# Cockapoo life



## KurliLadi (Feb 4, 2011)

I am looking for a puppy I have been to registry sites and searched all over the web looking for a breeder. Along my research travels I have seen many things about how non hypoallergenic cockapoos are and that they are good apartment and family dogs which is great but I need to know what type of stimulation they need, what demands will be placed upon me when the puppy stork delivers my Kurli baby (really I'd be picking the puppy up, shipping is bad!) 
I have 2 6yr old children who attend school from 7:40 - 4pm Mon - Thur and 7:40 - 2pm on Fri. We work a minimum of 8hr a day during the work week, is it selfish that I want a puppy?
I had one breeder tell me she wouldn't place a puppy let alone a dog in a home where the family is gone for most of the day, it made me feel bad. But seriously I am a single parent I can't be home all day, who would pay the bills, my father is 70 and still works full-time and the twins yea right they'd play hooky on my watch, is it unrealistic to think I can fit a dog into this mix? 
Honestly, I want the dog, no child is going to turn that idea down unless they are afraid so the kids want in as well. I think it would make us happier inside the home and I would have a buddy for my morning walks/jogs. The sky is the limit on weekends and I would be the puppy momma because I am the mom and we take care of people things, whatever, momma does it.
So can anyone tell me what i have to look forward to if i do go through with my purchase. I simply don't want to spend $ thinking I am going to have a life long companion and then end up hurting the dog by not having enough time to spend with it.


----------



## kendal (Jul 16, 2009)

is anyone ever at home whn you are out, ie someone watching the twins when they finish school and your still at work. have you cobncidered dogy day care or someone to pick your dog up mid day for a walk. is it possible for you to take the dog to work. 

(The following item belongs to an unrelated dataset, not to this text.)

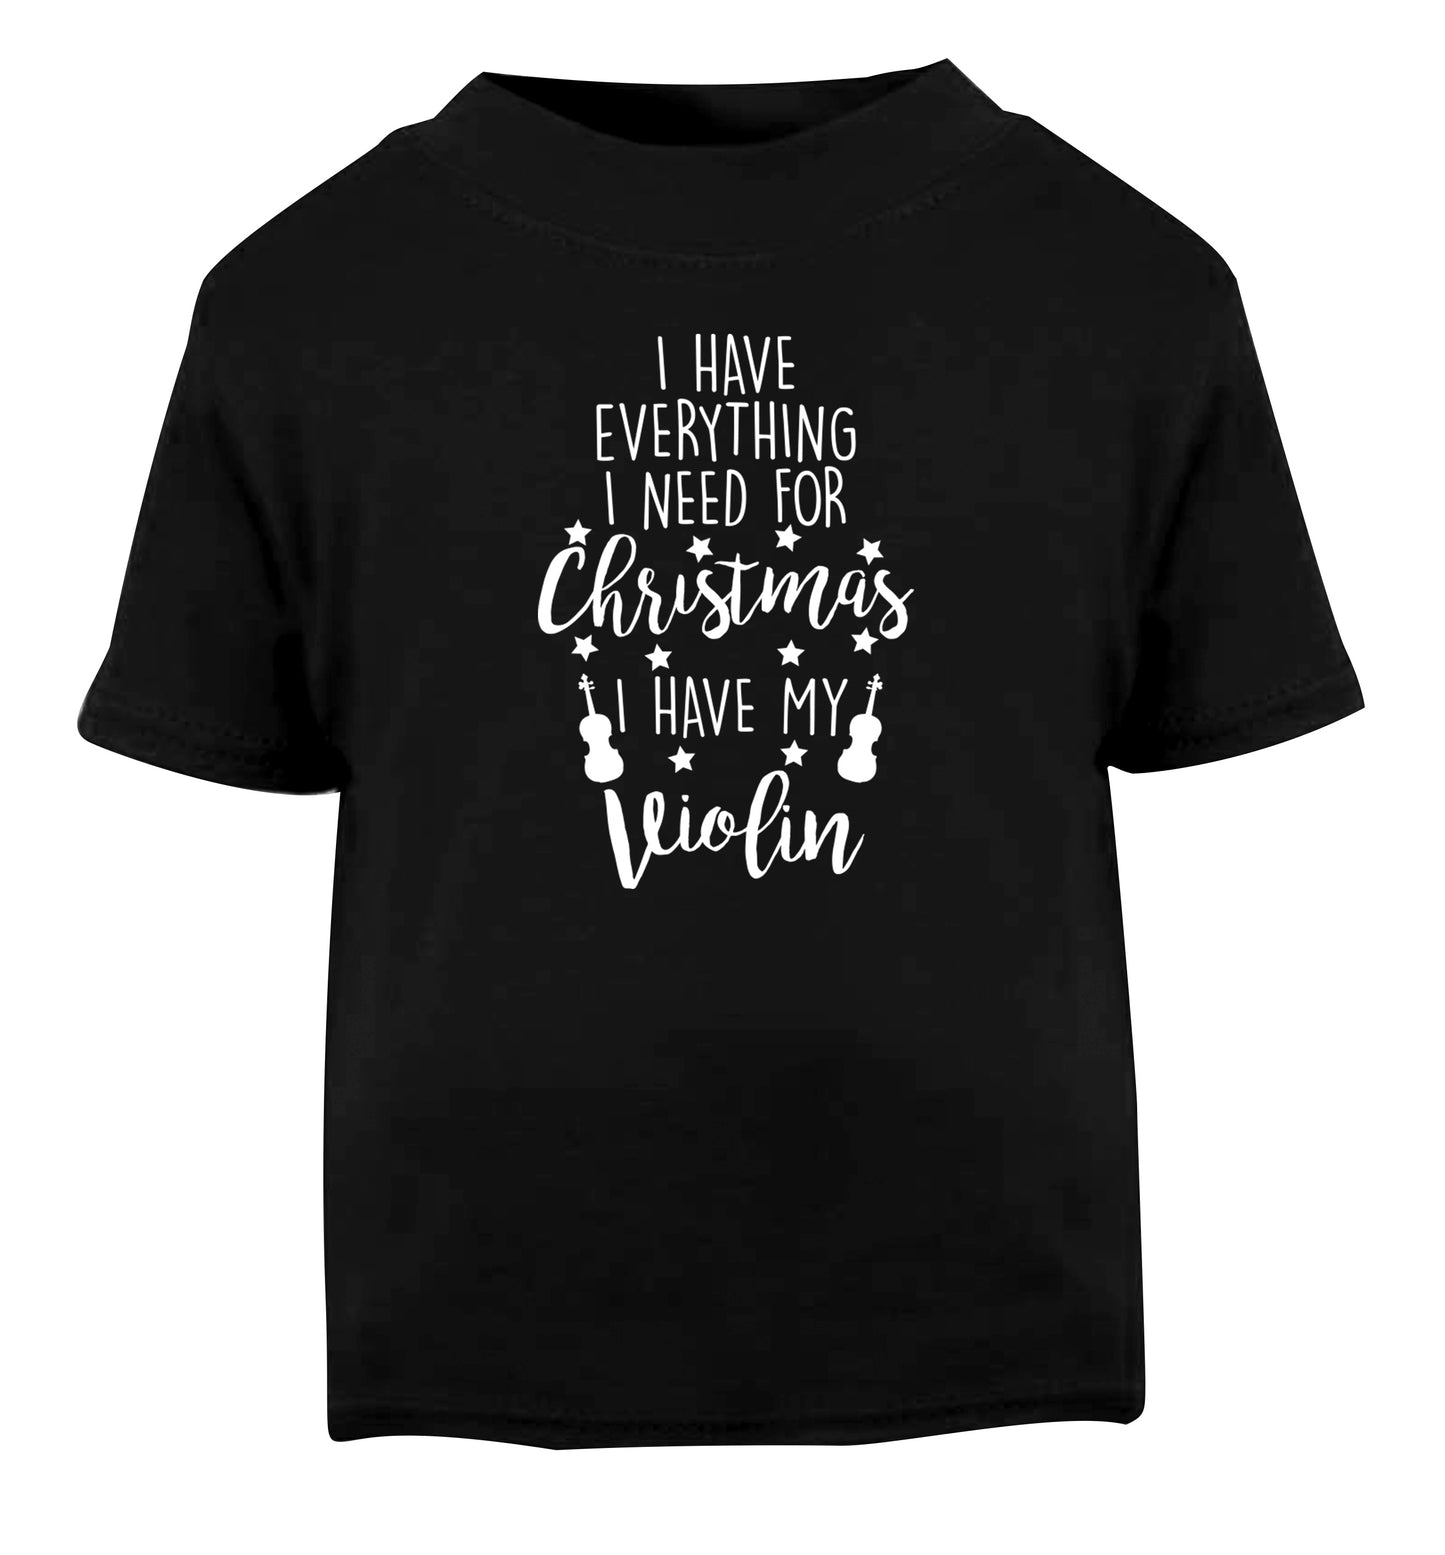 I have everything I need for Christmas I have my violin Black Baby Toddler Tshirt 2 years

the problem is that if your out all day form day one toilet training is just not going to happen. the pup may get frustrated and destructive in the home. 

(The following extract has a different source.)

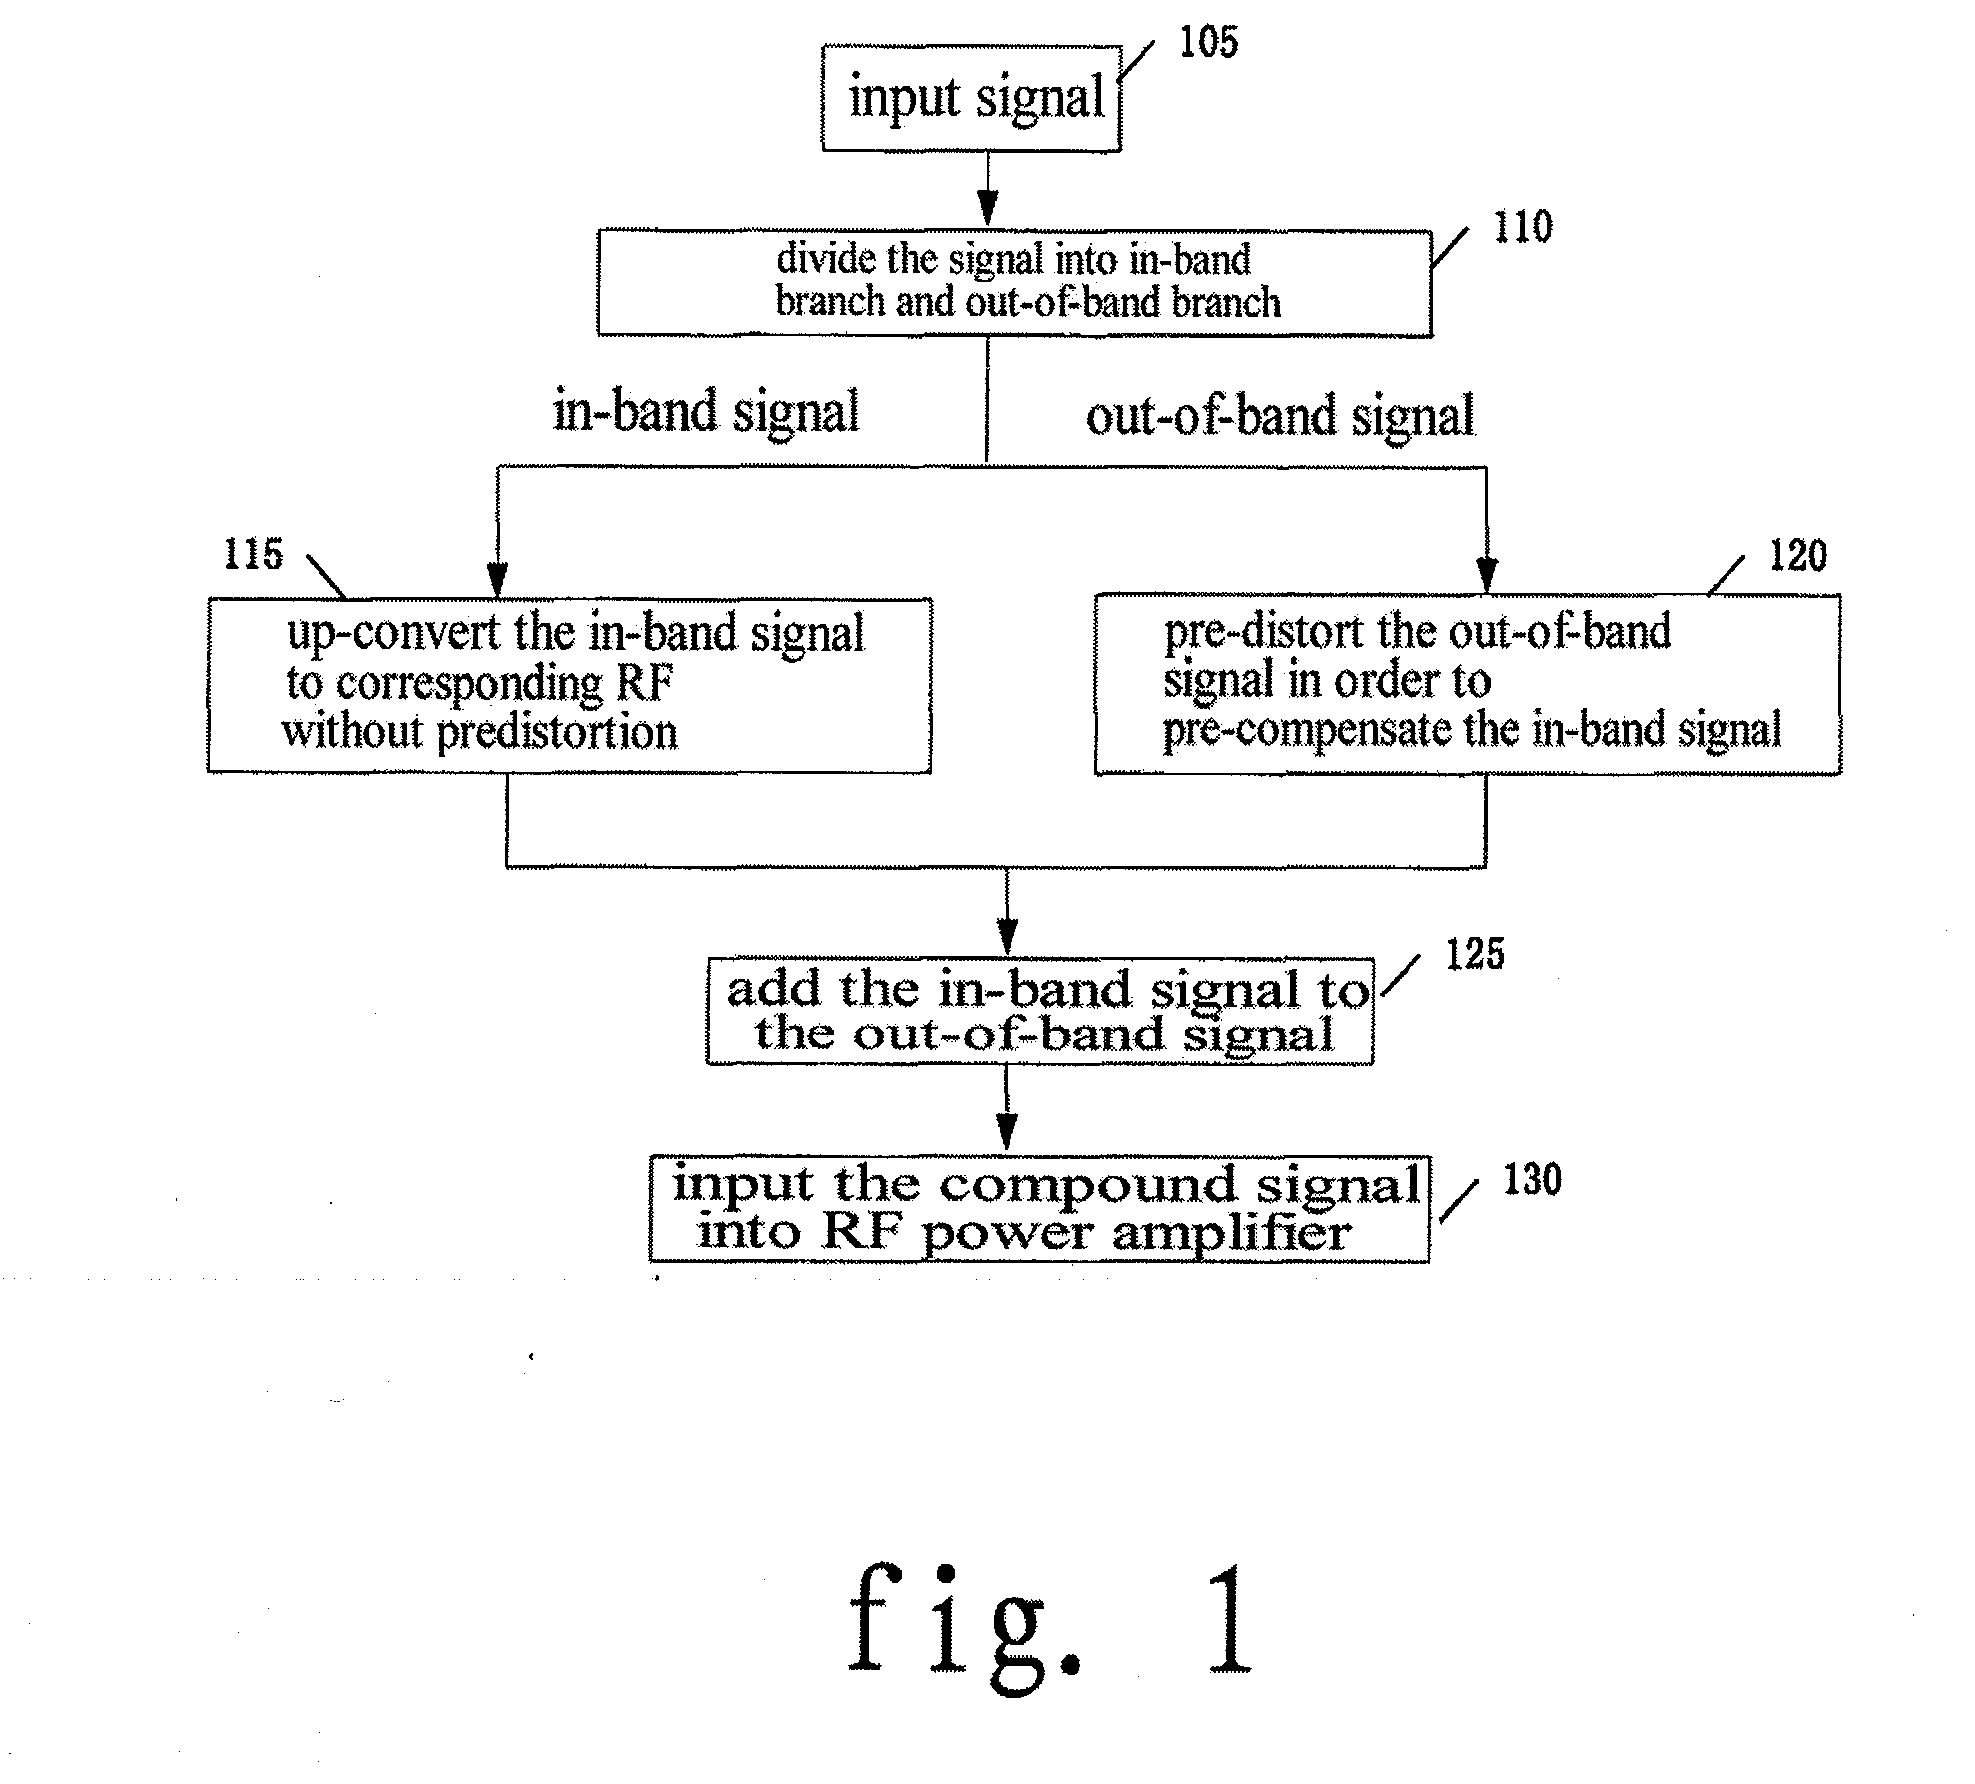 Method and System for out of Band Predistortion Linearization

can you gibe me a layout of what your day consists of, ie when you would plan to walk the dog, how long it would be left compleatly on its own compleatly.

we got our girls because my mum had a dog as a chiled and so did we so she wanted my youngest brother to have a dog growing up as she felt it would be good for him. the time was right as we had time to spend on a dog 

the cockapoo should reach the age of atleast 12-15 years maybe more.


----------



## caradunne (Nov 29, 2010)

Izzy is so sociable, she thrives on company and I am sure she wouldn't be the happy wonderful young dog she is if she didn't have human company most of the day. I can leave her for 4 hours in the morning if I need to go out - she will generally sleep then. Most days we walk morning and afternoon and have a couple of play sessions and a training session. Cockatoos are very intelligent and need mental stimulation. Perhaps you should choose a different breed if you are not going to be at home. I always wanted a dog but waited until I retired.
Good luck
Cara


----------



## embee (Dec 27, 2010)

Flo is like Izzy and thrives on company. She would hate to be left alone most days. Luckily(!!) my hubby got made redundant so we got Flo. If he wasn't at home we would never have got her so there is an upside to the recession


----------



## Enneirda. (Mar 5, 2010)

I know it is done often, but I do think that 8 hours is a bit much _to be alone_.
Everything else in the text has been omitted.